In relation to what I called above the aestheticization of violence in the creator’s work, and to conclude, I will conclude with some words of the outstanding American thinker Hal Foster -an essential theorist to understand the avatars of the subject in current times-, which serve me in some way to evoke the overwhelming and disconcerting effect that Borderline provoked in me:
(…) Of that kind was for me the real CNN Effect of the Gulf War: repelled by politics, I was captivated by the images, by a psycho-techno-narrowing that locked me in (…) When the screens of the bombs went dark, my body did not explode. In fact, it was supported: in a classic fascist trophy, my body, my condition as a subject, was affirmed in the destruction of other bodies. And, again, I don’t think I was the only one to experience that atrocious affirmation.

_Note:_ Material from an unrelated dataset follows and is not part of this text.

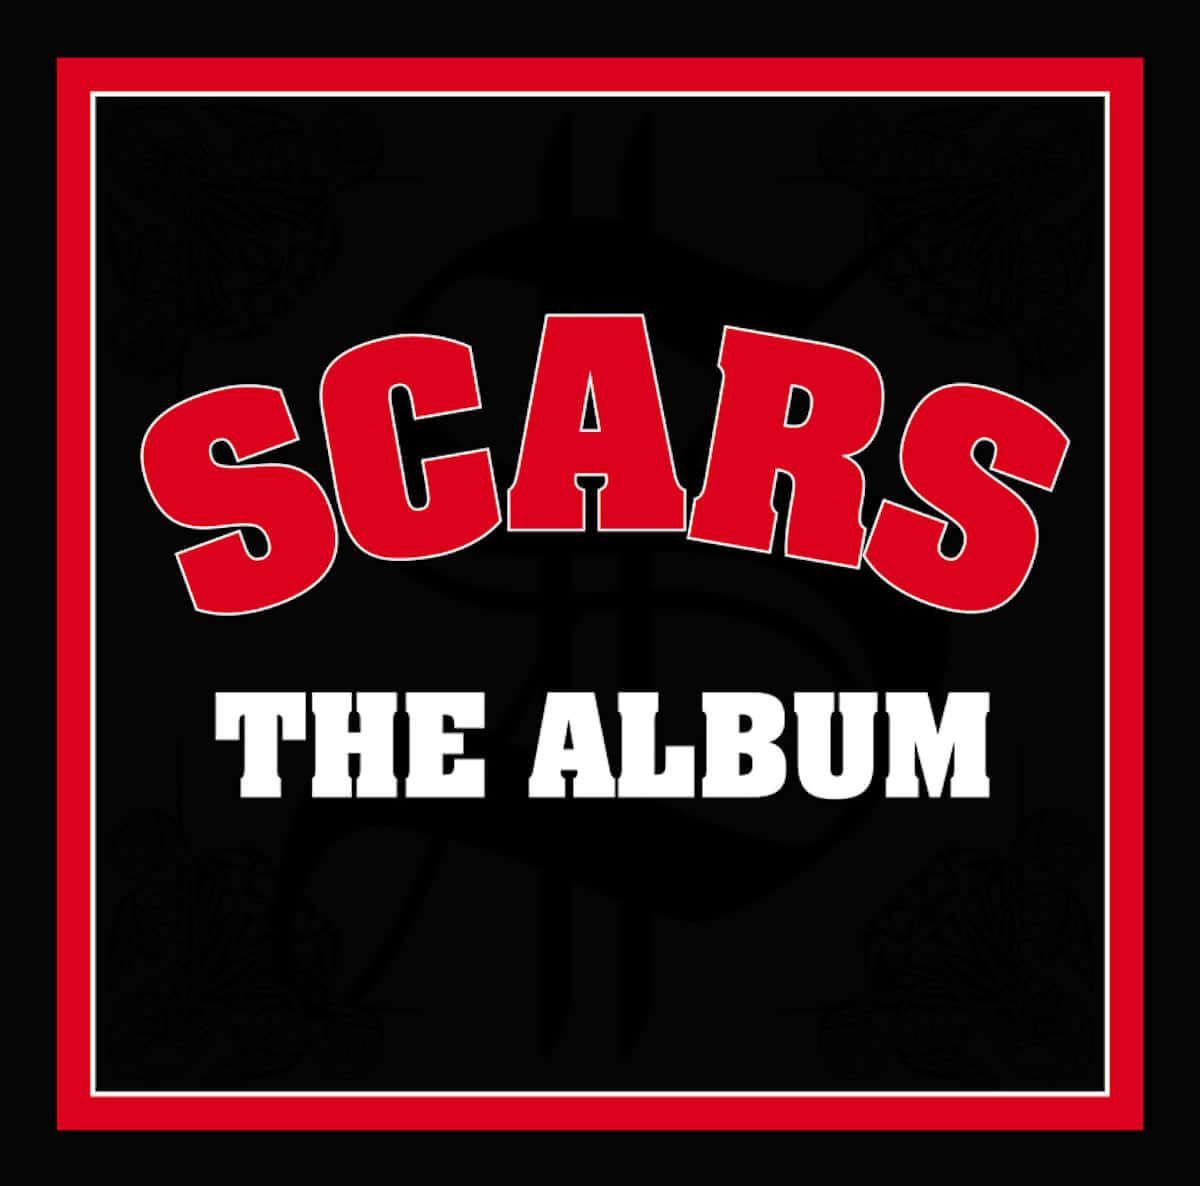 SCARS、入手困難だった『THE ALBUM』リイシュー盤をリリース music190418_scars_main-1200x1186
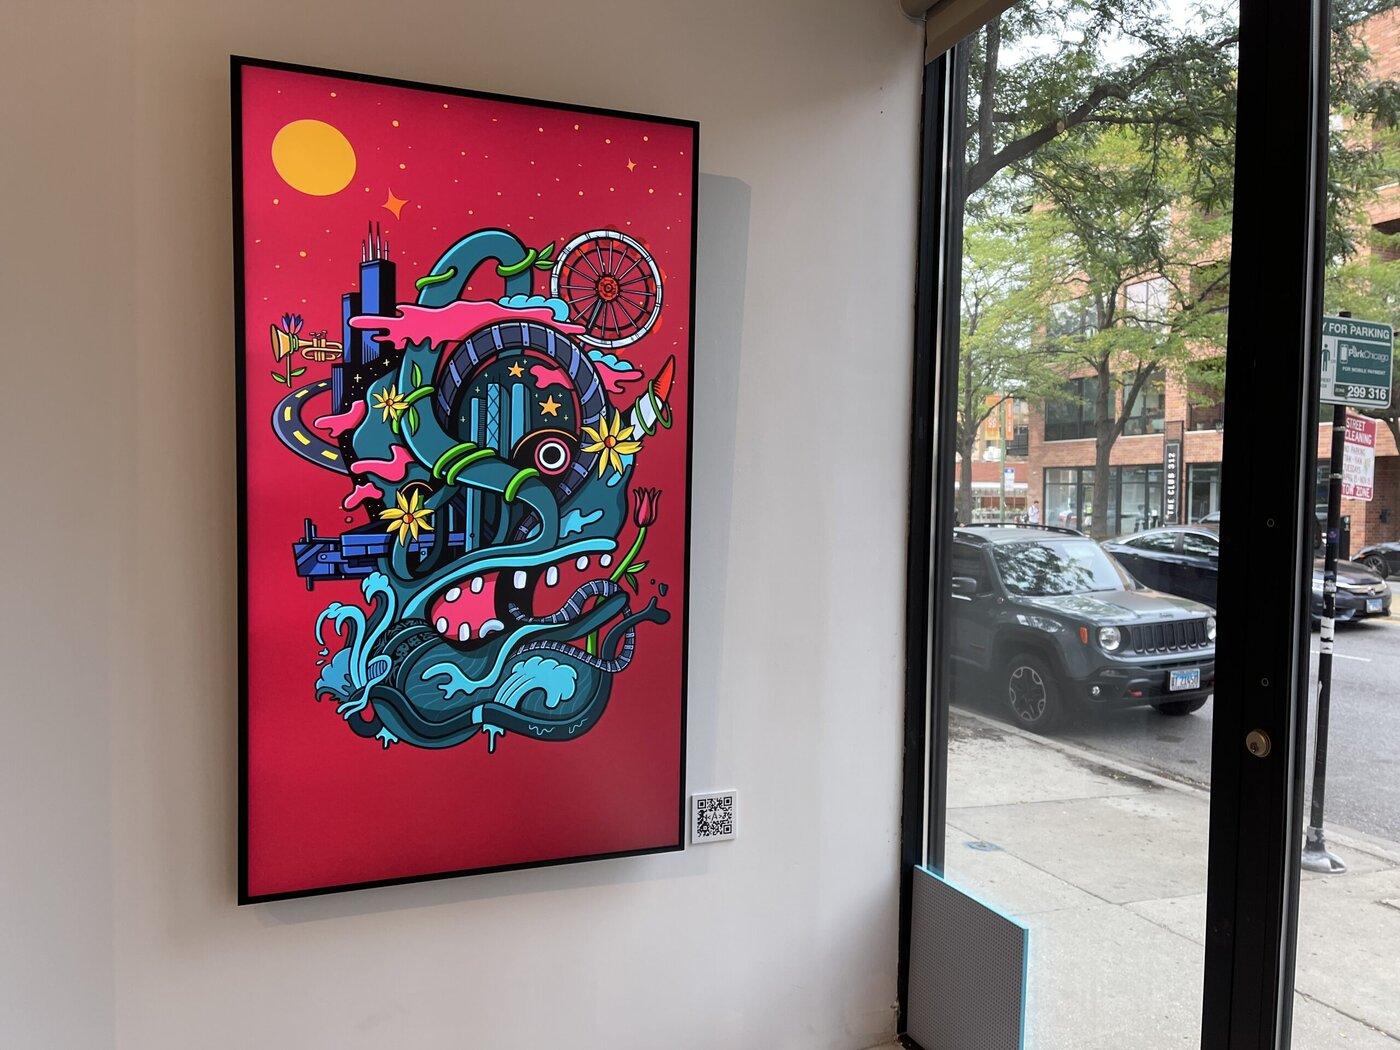 Chicago's imnotArt NFT gallery

[It is] (…) a moral split, the paradox of aversion undermined by fascination, or of sympathy undermined by sadism (…)[iv]Notes:
[i] Ernesto Benítez. Borderline. Theoretical Project (unpublished).
[ii] See, among the works that mimic medical X-rays in the Diagnostic Room, the one showing a hand pierced by three long stingers.
[iii] Stefan Morawski. From aesthetics to the philosophy of culture. Selection and translation from Polish: Desiderio Navarro. TEOR/ética, Centro Teórico-Cultural CRITERIOS, Havana/ San José, C.R., 2006, p. 362.
[iv] Hal Foster. “Postmodernism in parallax” (photocopied material).
Published in Revista Extramuros, Havana, Cuba. Issue No. 21/2006, Pp 58-59.